The Court considered the circumstances of the Petitioner and held that since the Petitioner had to be admitted in a hospital in emergency, the Respondents could therefore not deny the medical reimbursement on the ground that Petitioner did not take treatment from a hospital empanelled under the CGHS Scheme.
The Bench cited the decision of the Supreme Court in Shiva Kant Jha v. Union of India, (2018) 16 SCC 187, wherein it was held,
'When an employee is admitted to a hospital in emergency condition, law does not require prior permission where survival of the person is the prime consideration. It is also observed that though it is the claim of the State that the rates in the hospital in question were exorbitant and that the rates charged for such facility and reimbursement can only be at CGHS rates and that too after following the laid down procedure, it also cannot be denied that the Petitioner was taken to hospital under emergency condition for survival of his life, which requirement was above the sanctions and treatment in empanelled hospitals.'
Another decision of the Delhi High Court in Union of India and Another v. Joginder Singh, 2023 SCC OnLine Del 2707 was cited, wherein the Court had held,
'The medical claim for treatment undertaken in emergency should not be denied for reimbursement merely because the hospital is not empanelled. The test remains whether the claimant had actually undertaken the treatment in emergent condition as advised and if the same is supported by record. Preservation of human life is of paramount importance. The State is under an obligation to ensure timely medical treatment to a person in need of such treatment and a negation of the same would be a violation of Article 21 of the Constitution of India.'
Referring these judgments, the Court opined that owing to the nature of the accident and the serious injury faced by the Petitioner, she could not be denied reimbursement on the ground that she had not approached the hospitals empanelled under the CGHS Scheme. Noting further that the Petitioner was admitted in emergency on account of a road accident after suffering a serious head injury for which the Petitioner also had to undergo a major brain surgery, the Court held that denying reimbursement under such circumstances would not be just. Moreover, merely because the hospital had issued the certificate belatedly did not constitute a ground to deny the claim of the Petitioner since the certificate was authentic, the Court held.

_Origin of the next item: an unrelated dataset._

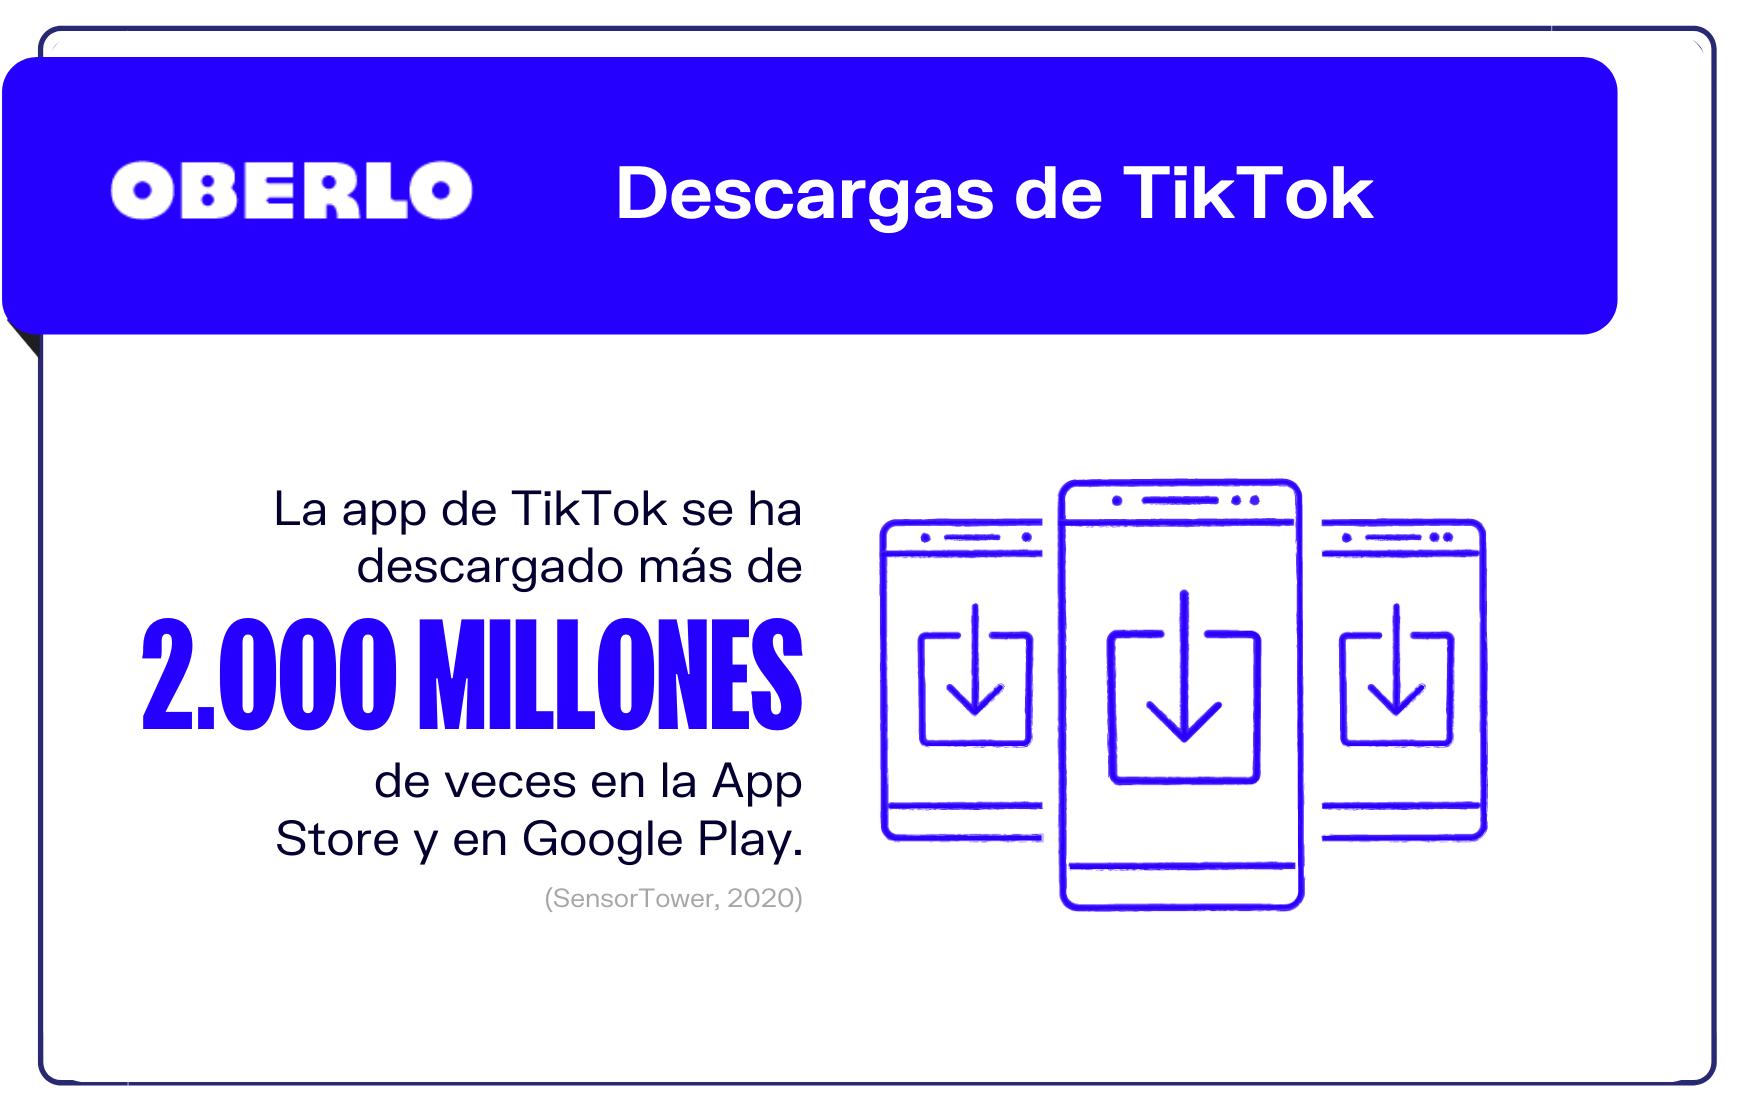 2-Cifras-de-descargas-de-TikTok

Making these observations, the Court allowed the Appeal and directed the Respondents to disburse a sum of Rs.5,85,523/- to the Petitioner within a period of six weeks. The Court held that the Petitioner was also entitled to interest at 6% per annum from the date when the school rejected the claim till the date of actual payment.
Case Title: SEEMA MEHTA versus GNCT OF DELHI AND ORS
Counsel for the Petitioners: Mr. Sunil Kumar and Ms. Rekha Bhardwaj, Advocates.
Counsel for the Respondent: Ms. Latika Choudhary, Advocate for Respondent No.1. Ms. Niharika Tanneru, Advocate for Respondent No.2.